Rich: Jeffrey you touch on a very interesting point about data analysis not given sufficient time in the project planning process. Regardless of what we think, our data bases aren’t as “clean” as we think. Some fundamental displays are required, for example, simple frequency histograms reveal a lot about our data distributions. We can answer basic questions about min, max, mode, etc about the data. Is there a single or multiple modes; if multiple modes we need to ask why. Could these be different data population related to different rock types, matrix versus fracture porosity, or maybe just a lack of samples? Histograms could also point to potential outliers, especially if we see only a few data points in a bin creating highly skewed distributions; these apparent outliers will create problems for us later.

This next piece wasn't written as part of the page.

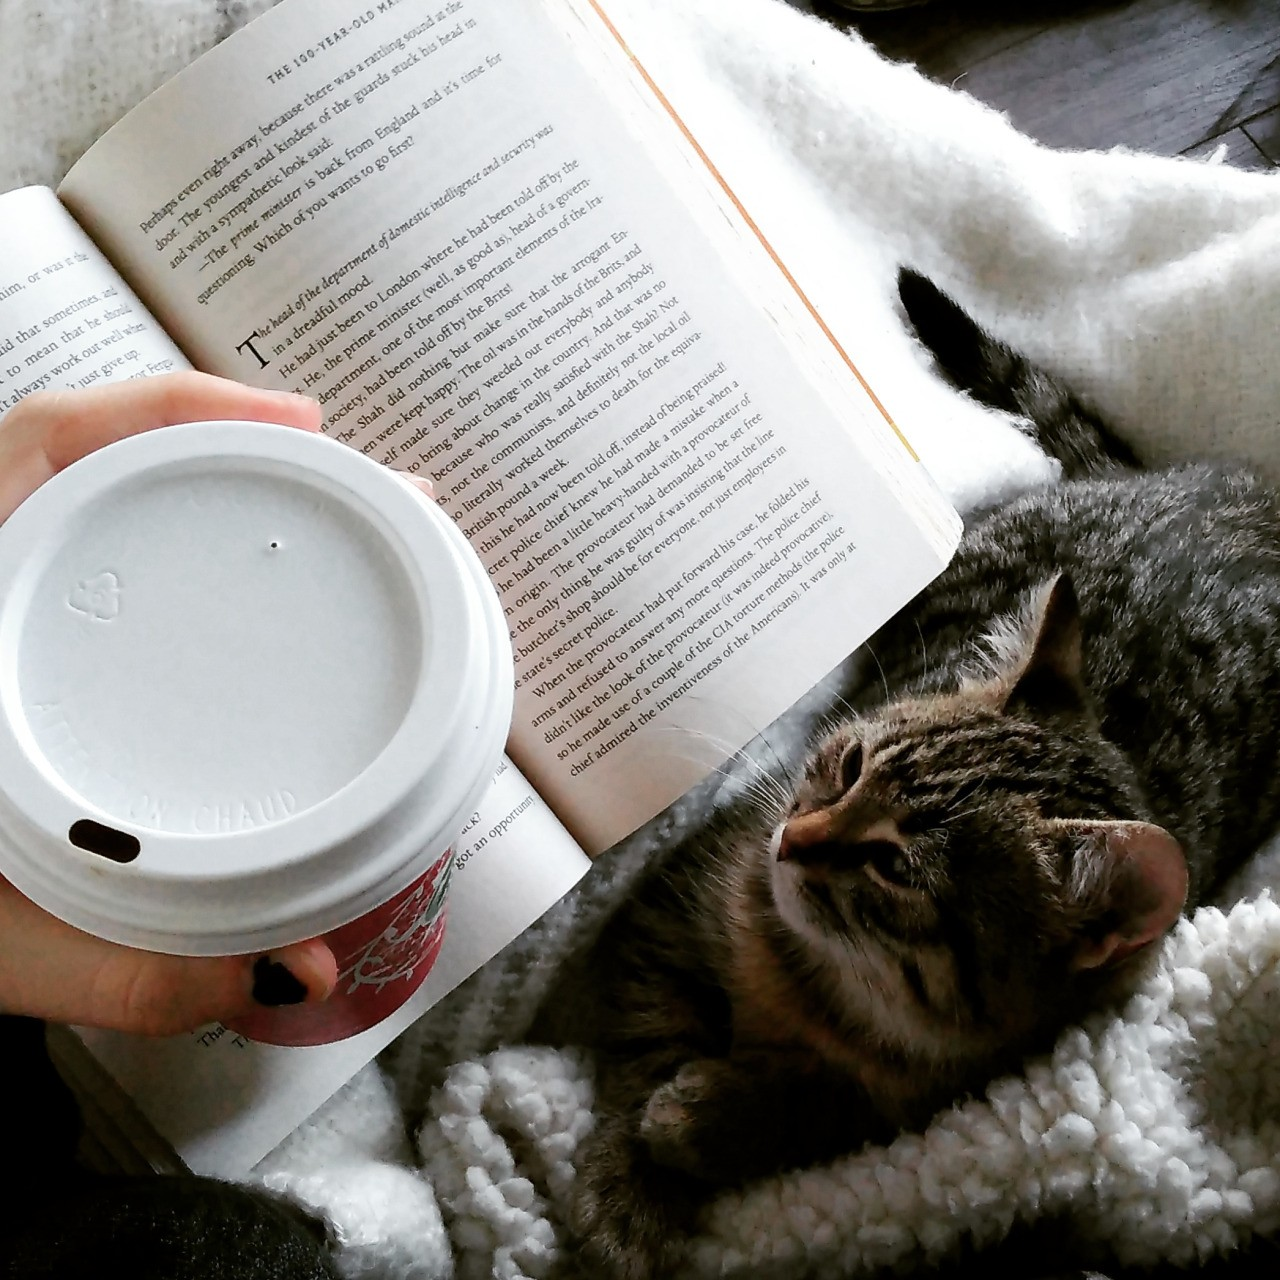 11 livros que todos deveriam conhecer, segundo os leitores

Cross-plots provide us four basic pieces of information: 1) how one data type compares to another data type when measurements are made at the same locations; we need data pairs to make cross-plots; 2) are the two data types related directly (positive correlation) or inversely (negative correlation); 3) we also get the correlation value which tells us the strength of the data relationship; 4) finally we can get an equation which also us to predict one data type from the other.